Le proposte già avanzate dal Comitato Noi, 9 Ottobre partono dal riconoscimento del ruolo della vittima nel procedimento giudiziario. “Le parti civili, nel processo penale – hanno detto, tra gli altri, gli avvocati Massimiliano Gabrielli e Alessandra Guarini – sono trattate nelle aule dei tribunali come ospiti scomodi e indesiderati”. Peggio, sono invitate a occuparsi solo in sede civile solamente degli eventuali risarcimenti dei danni subiti. 

Il loro punto di vista non interessa ai giudici e la loro presenza con gli stessi diritti degli imputati (accesso agli atti) non è contemplata nel Codice di procedura penale. Ma, come è evidente dalle testimonianze di molti familiari, la partecipazione delle vittime ha persino una funzione terapeutica. 
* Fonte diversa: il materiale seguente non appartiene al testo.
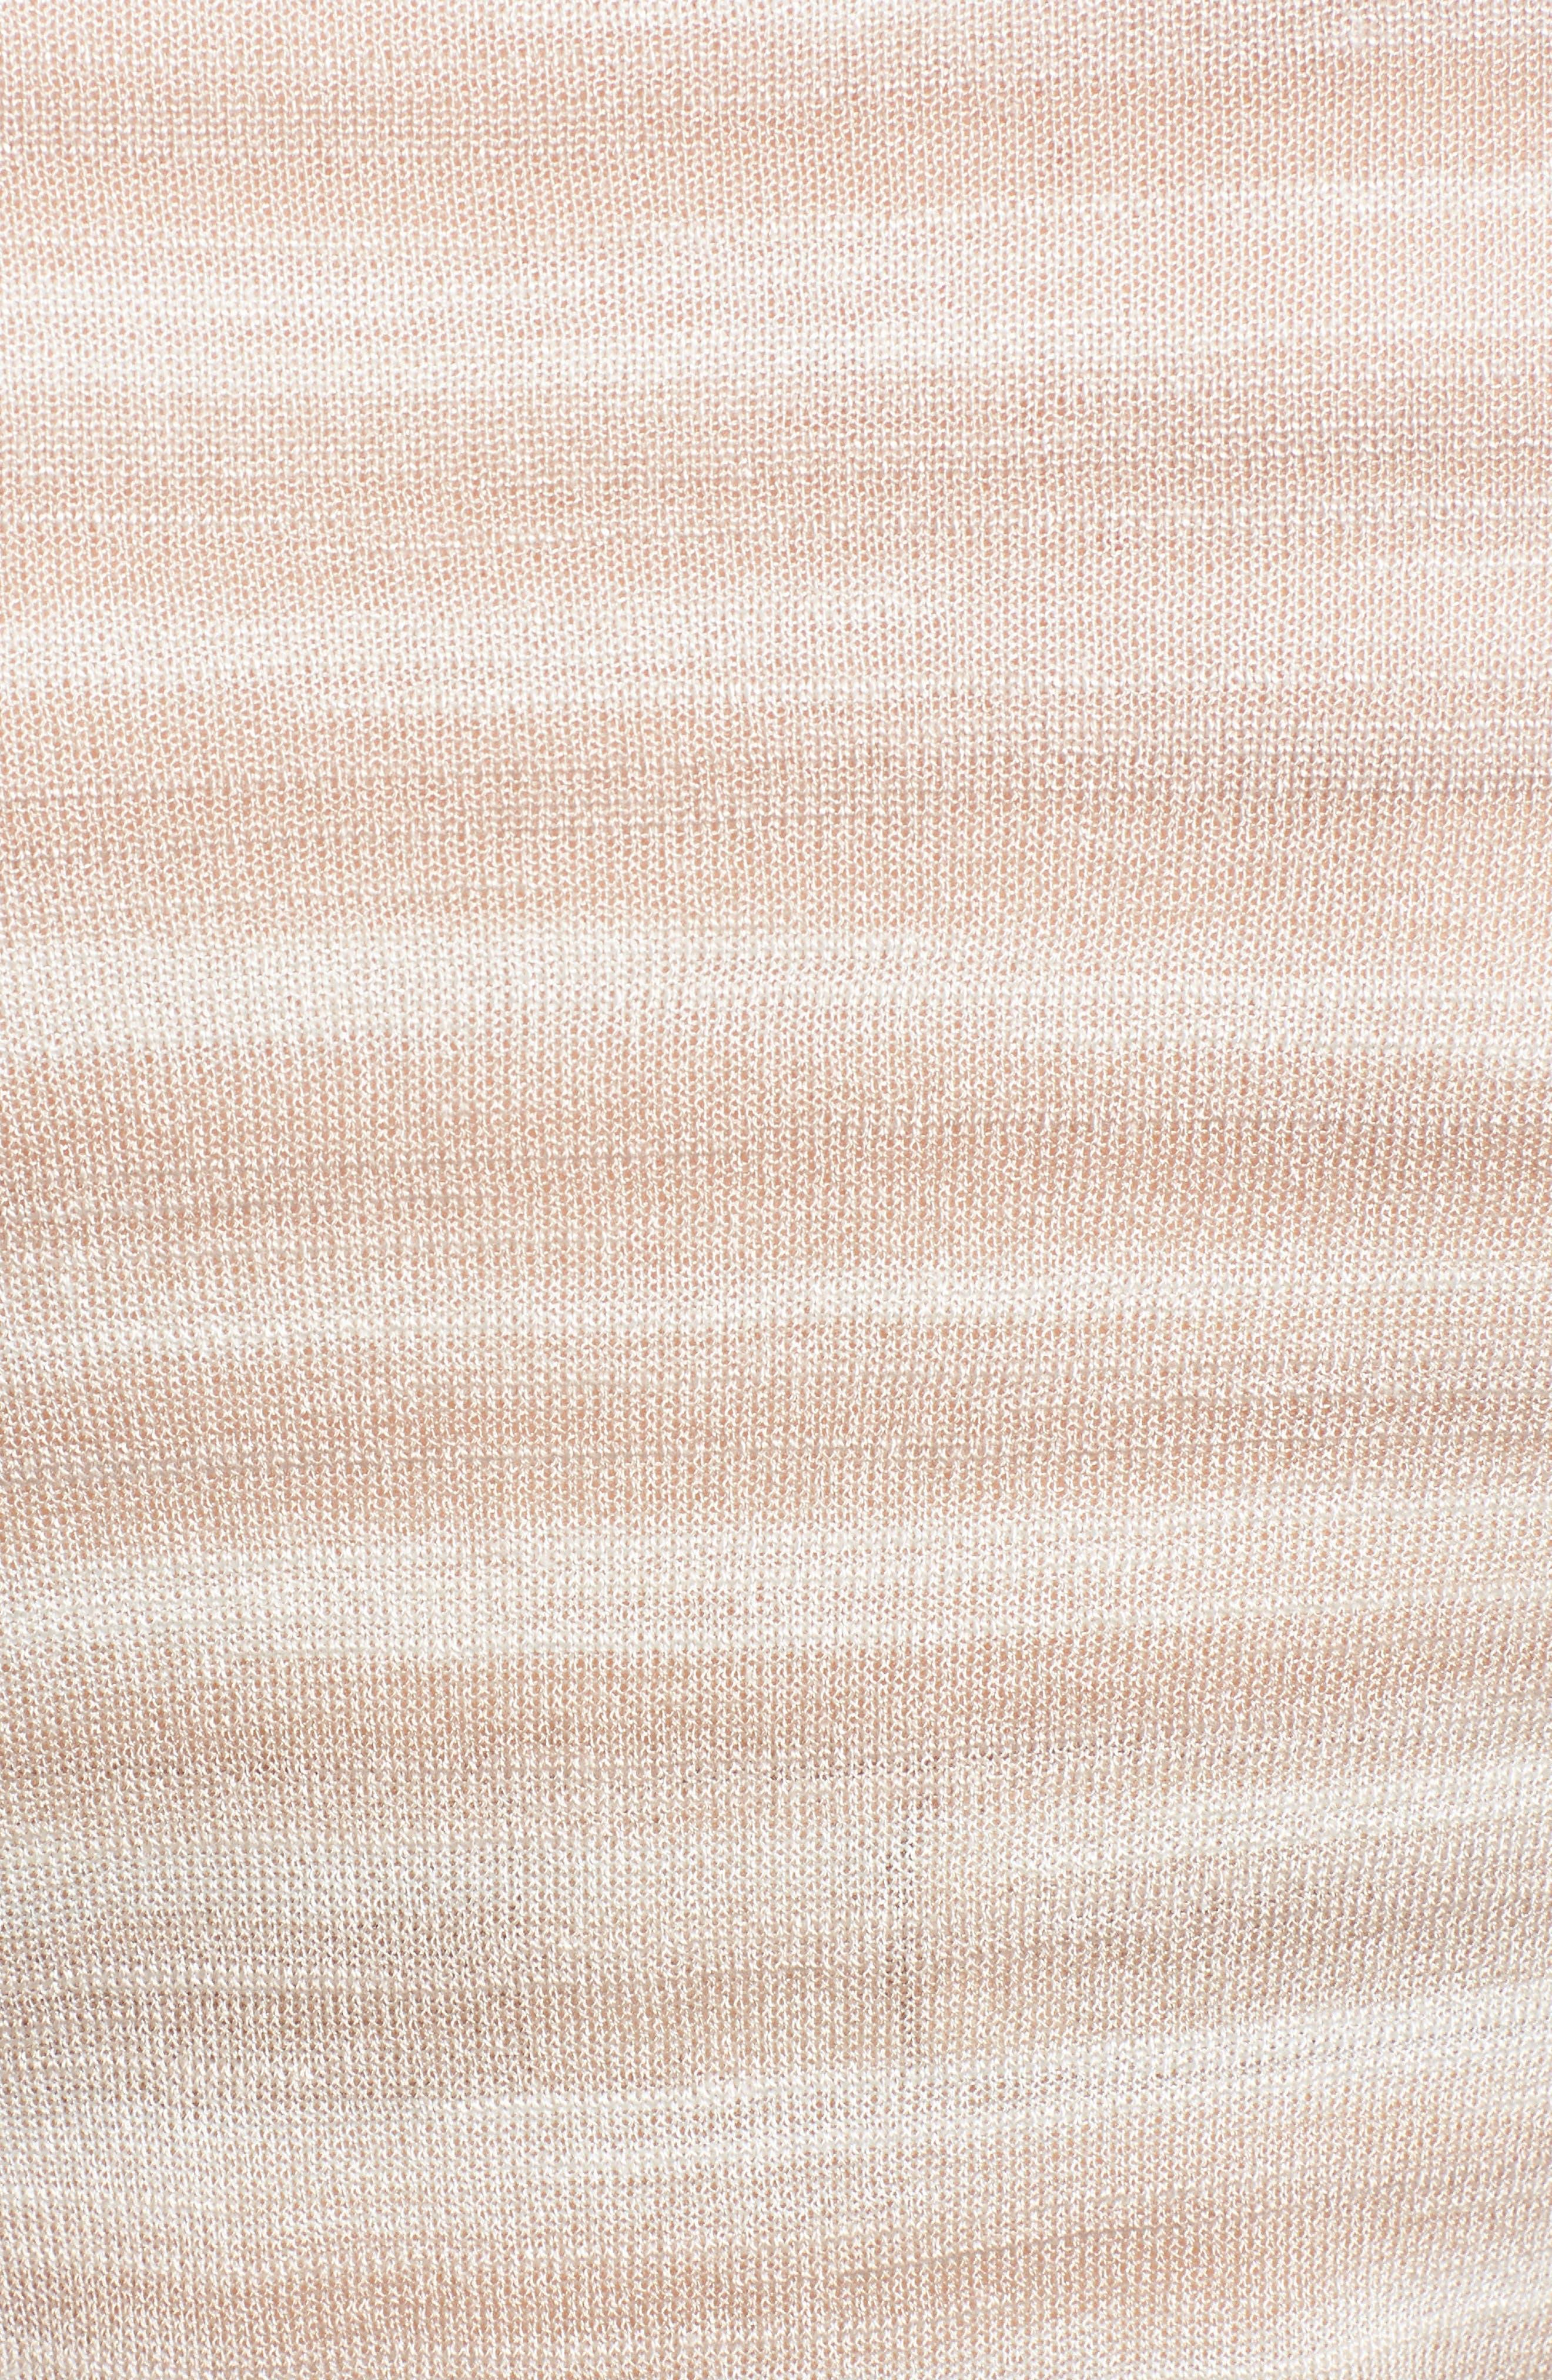 Gradient Stripe Sweater,                             Alternate thumbnail 5, color,                             250

Non è giustizialismo, ma ricerca delle responsabilità sociali (come ha detto Gianni Devani dell’Associazione Vittime del Salvemini) di eventi calamitosi che spesso sono ampliati dalla mancanza di prevenzione, dall’assenza di controlli pubblici, dal calcolo criminale del risparmio di costi di manutenzione. Quello che viene chiamato “illecito efficiente”, vale a dire la calcolata convenienza per le imprese a risarcire le vittime piuttosto che investire in sicurezza

Le nostre leggi sono sempre subalterne alla ragione economica dell’impresa, la cui responsabilità giuridica è per definizione “limitata” e difficilmente individuabile in capo a singole persone. In quei pochi casi in cui le responsabilità riescono ad emergere nelle aule dei tribunali i “colpevoli” sono solo capri espiatori di una logica di sistema che rimane intatta. 
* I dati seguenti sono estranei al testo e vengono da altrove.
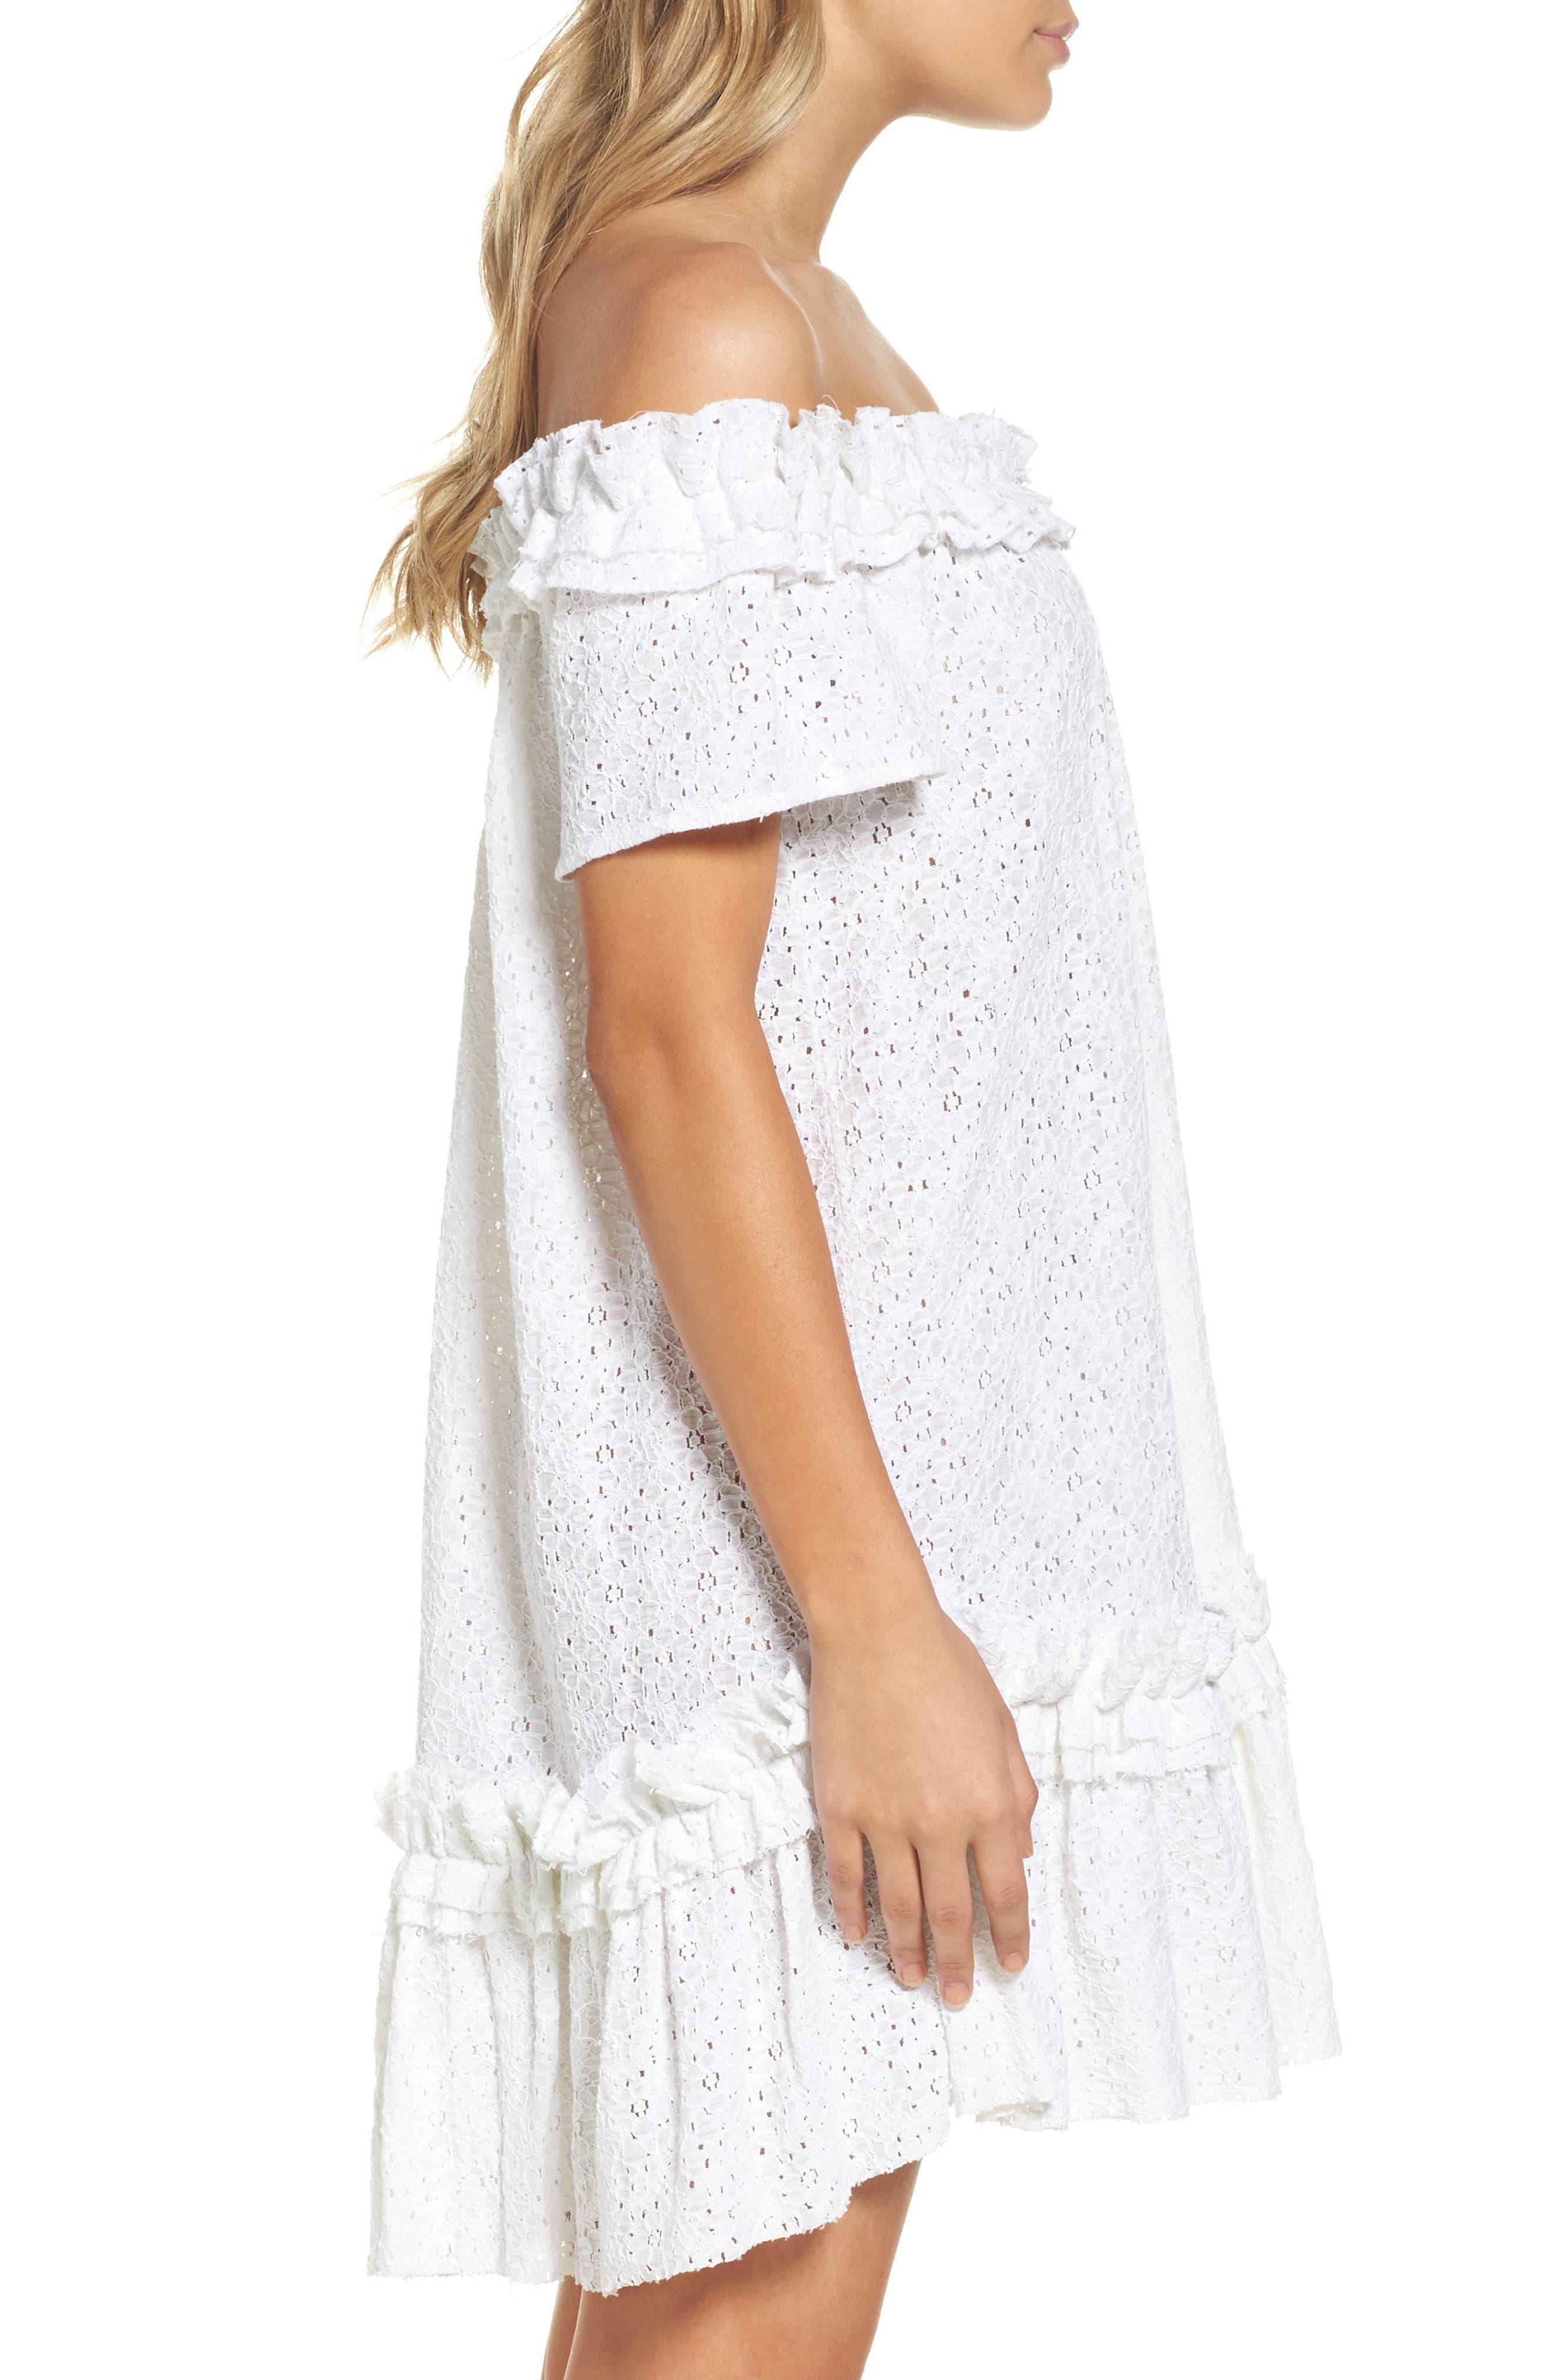 Mojito Cover-Up Dress,                             Alternate thumbnail 3, color,                             White

Quella che un prestigioso giurista, Luigi Ferrajoli, chiamò “macro criminalità di sistema”. Lo stesso papa Bergoglio in una memorabile audizione con l’associazione internazionale di diritto penale disse: “Una delle frequenti omissioni del diritto penale (…) è la scarsa o nulla attenzione che ricevono i delitti dei più potenti, in particolare la macro-delinquenza delle corporations (…) Il capitale finanziario globale è all’origine dei gravi delitti non solo contro la proprietà ma contro le persone e l’ambiente” (Città del Vaticano, 15 nov. 2019).

In conclusione il neonato Comitato Noi, 9 Ottobre, con l’ausilio di ex magistrati esperti come Raffaele Guariniello e Felice Casson, si appresta ad intervenire in tutte le sedi,  a partire dalle scuole per arrivare al legislatore, per migliorare l’organizzazione e le norme della Giustizia per contrastare ogni forma di criminalità d’impresa.